I've been shadowing at a private practice since high school. The doctor is awesome -- she's taught me a ton of specifics behind procedures and I love talking to patients & basically spent a whole summer shadowing there.

It's not a focus in my EC's and is balanced by clinical, research, underserved volunteering, and non-medical pursuits as well. I've seen on here several times that over 50 hrs is too much for shadowing, but I have a lot more than that and am now wondering if that could look excessive for just observing? It's still less than my clinical, if that's what makes the difference
It isn't that over 50 hours of shadowing is "too much," rather that no more than 50 is necessary for the application. That said, if you solely have a large number of hours of a specialty that's highly competitive to match into (derm, ortho, neurosurgery, eg), eyebrows will rise. You'd be well advised to temper this with some primary care, office-based experience. And you might consider NOT listing the entire number of hours of the subspecialty that you've accumulated.
 
The problem with excess shadowing can come from the over-achieving, research-oriented, high-stat, candidate, who have unbalanced application numbers and do not comprehend that many schools do not consider shadowing as part of clinical experience or view it as a lower quality clinical work. These are students who gave significant research hours (1,000-2000+), low or minimal clinical volunteering hours (100-200), and significant shadowing (100+ hours) especially in more academic-leaning, sub-specialties. Additionally their community service hours are minimal and/or academic related, such as tutor and member of the premed club and the Honor Fraternity. This kind of background can make the candidate seem too much an academic geek for some schools

Is this kind of profile problematic for MD/PhD applicants?
 
The problem with excess shadowing can come from the over-achieving, research-oriented, high-stat, candidate, who have unbalanced application numbers and do not comprehend that many schools do not consider shadowing as part of clinical experience or view it as a lower quality clinical work. These are students who gave significant research hours (1,000-2000+), low or minimal clinical volunteering hours (100-200), and significant shadowing (100+ hours) especially in more academic-leaning, sub-specialties. Additionally their community service hours are minimal and/or academic related, such as tutor and member of the premed club and the Honor Fraternity. This kind of background can make the candidate seem too much an academic geek for some schools

My app isn't like that at all (lol although I wish I was super high-stat). Aside from clinical & research I'm very heavy on humanities pursuits and frankly would not be able to stand more than 10 min in an org full of pre-meds; should I still under-report my shadowing to be under a certain point?
 
I would just shoot for a balanced app. If you did the shadowing list it. Idk how you shadowed that much either I found shadowing draining after 20ish hours as I wasn’t “doing” anything.
 
In terms of benefit to the application, there becomes a point of steeply diminishing marginal return. However, you will never be harmed by too much shadowing.

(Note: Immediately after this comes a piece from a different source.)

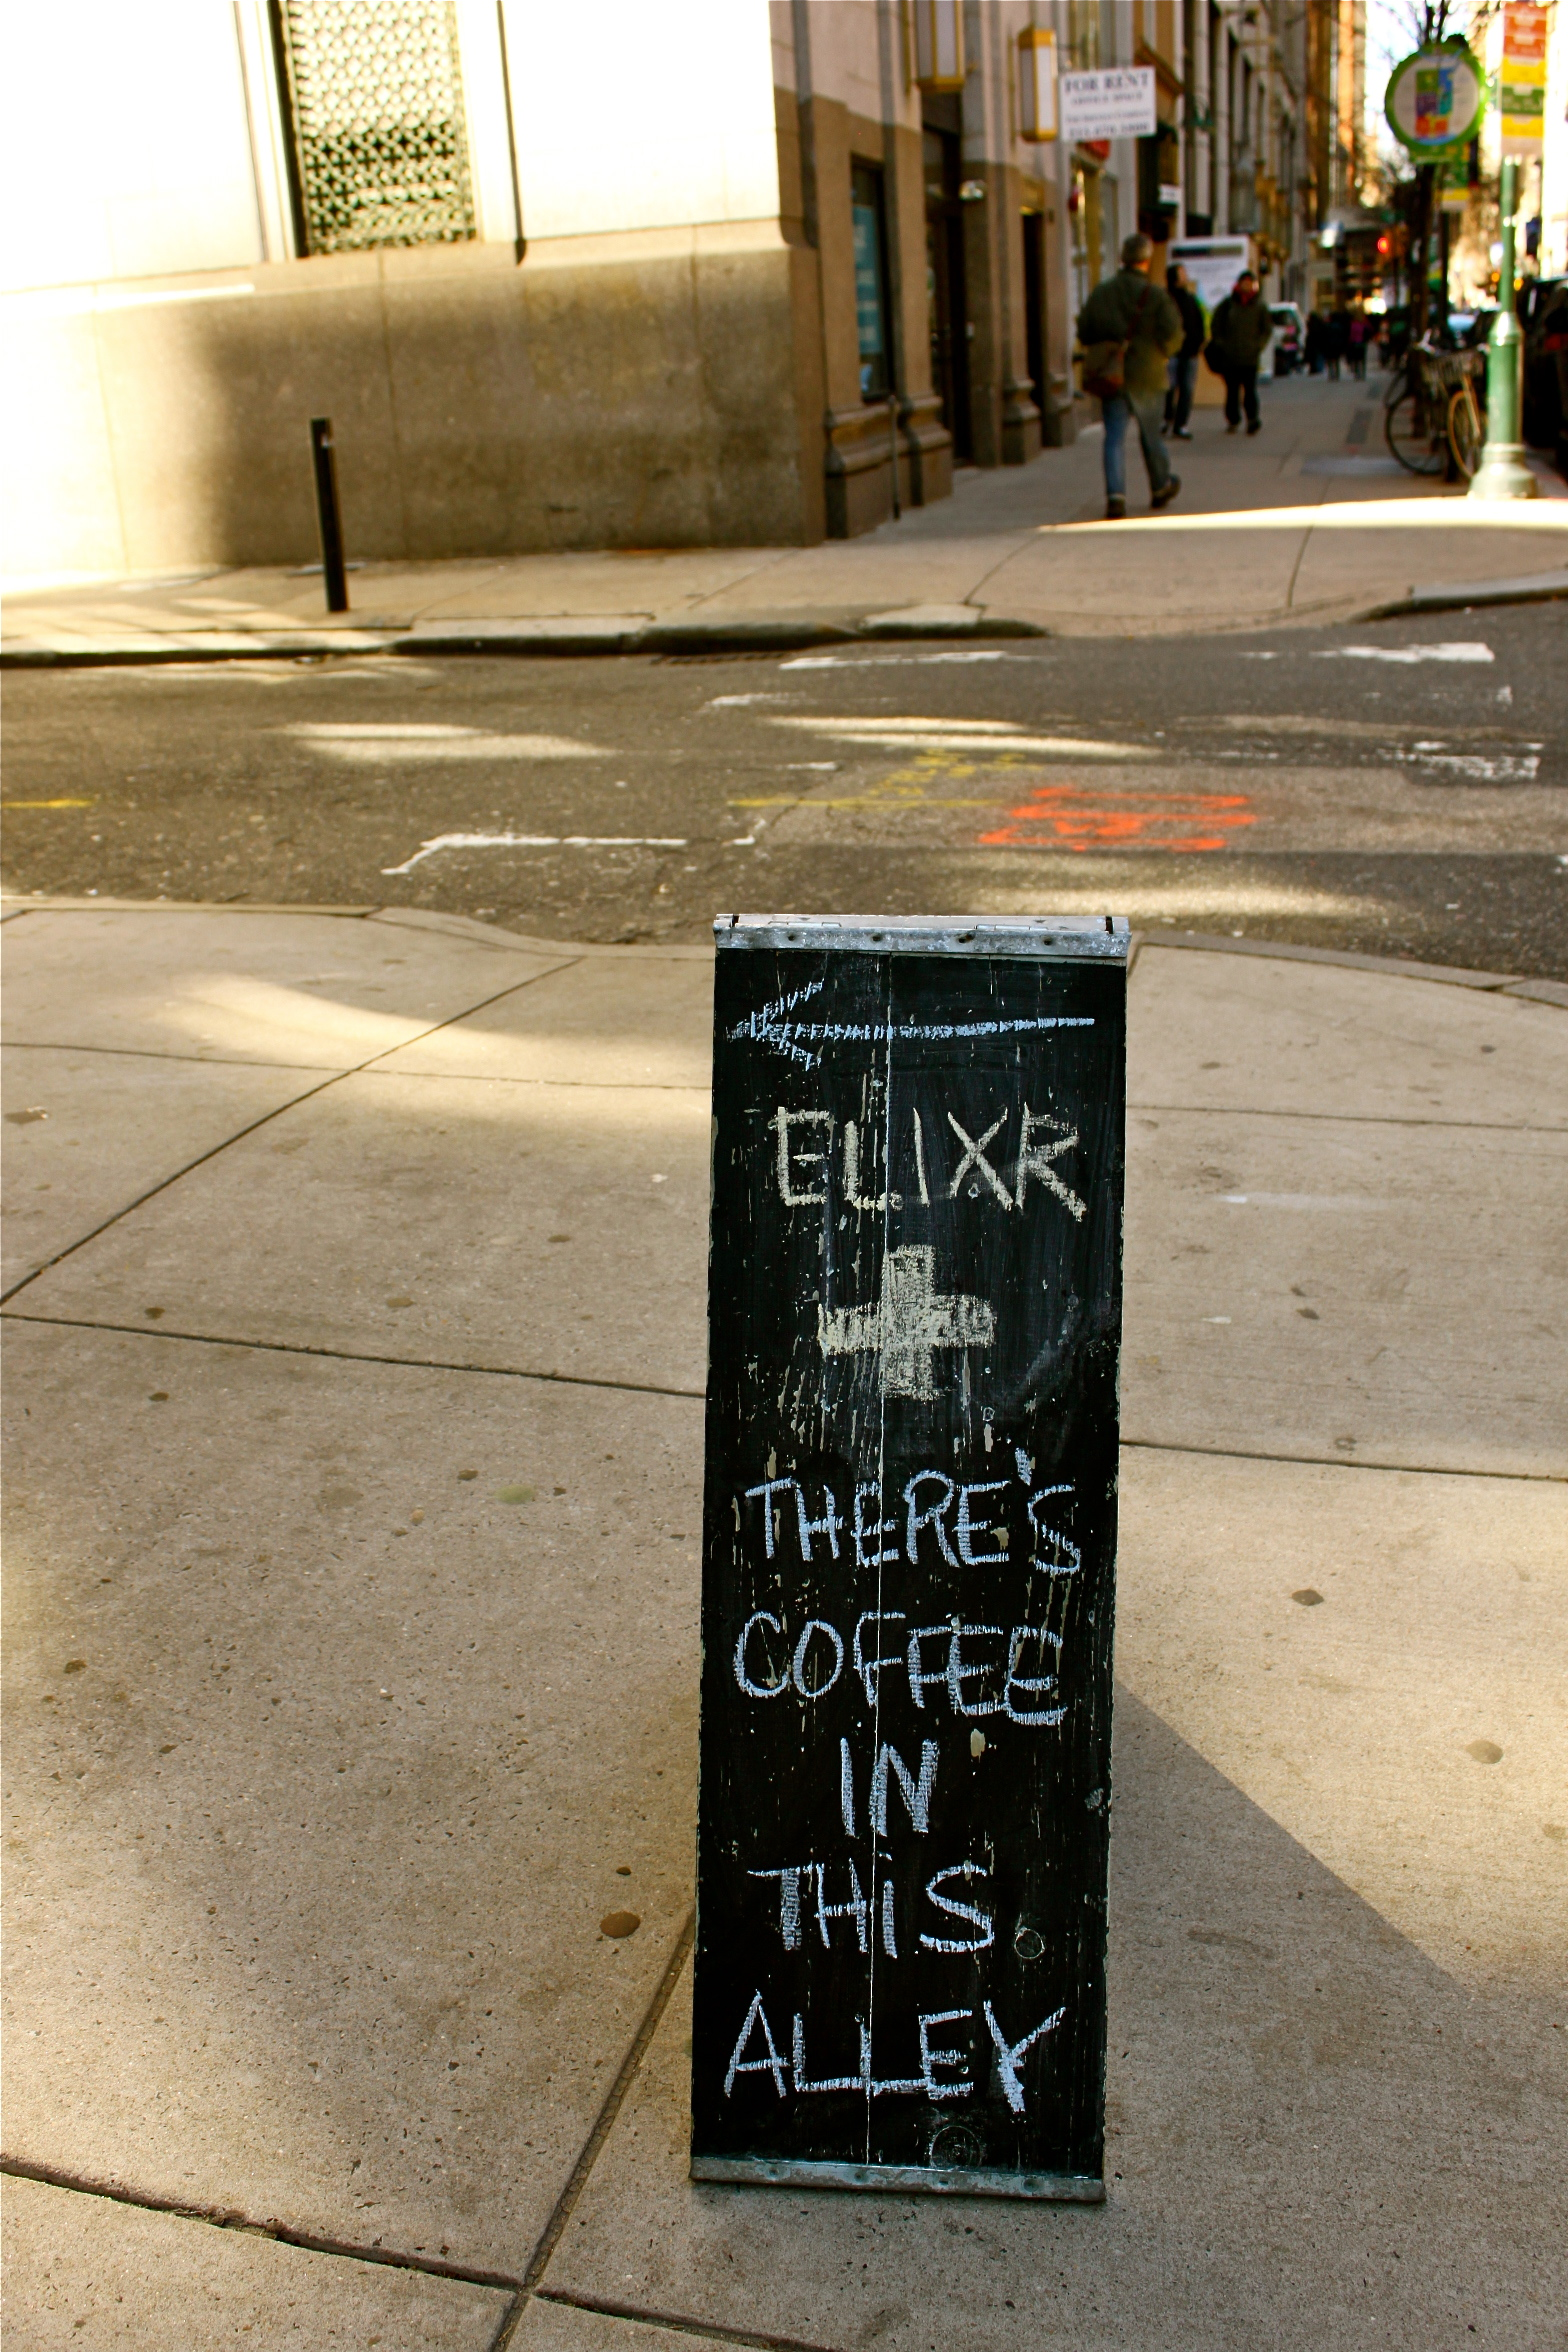 elixr coffee philadelphia pennsylvania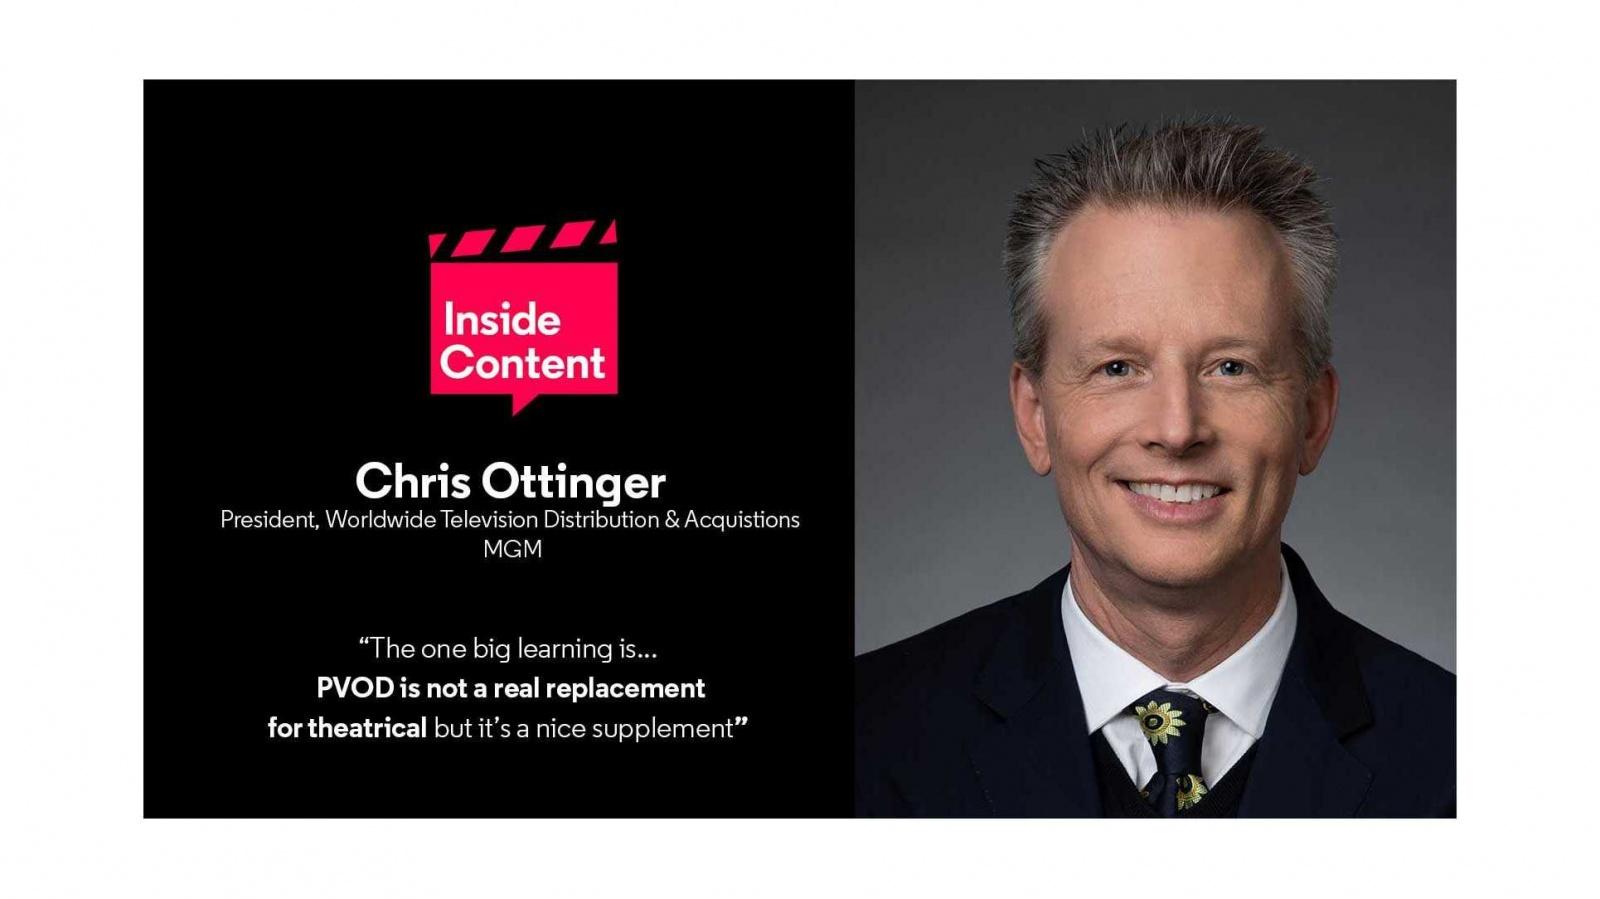 Chris Ottinger quote PVOD

In terms of benefit to you as a person, when it starts becoming boring, stop doing it. If you're having fun and you feel like it's a valuable use of your time, then go for it.
 
The issue is usually that time could be used for other things.
 
If it’s done at the expense of other more meaningful things, it’s a problem.

Sort of reminds me of high school seniors with average stats who think that all of their extra-curriculars are going to get them into a top school.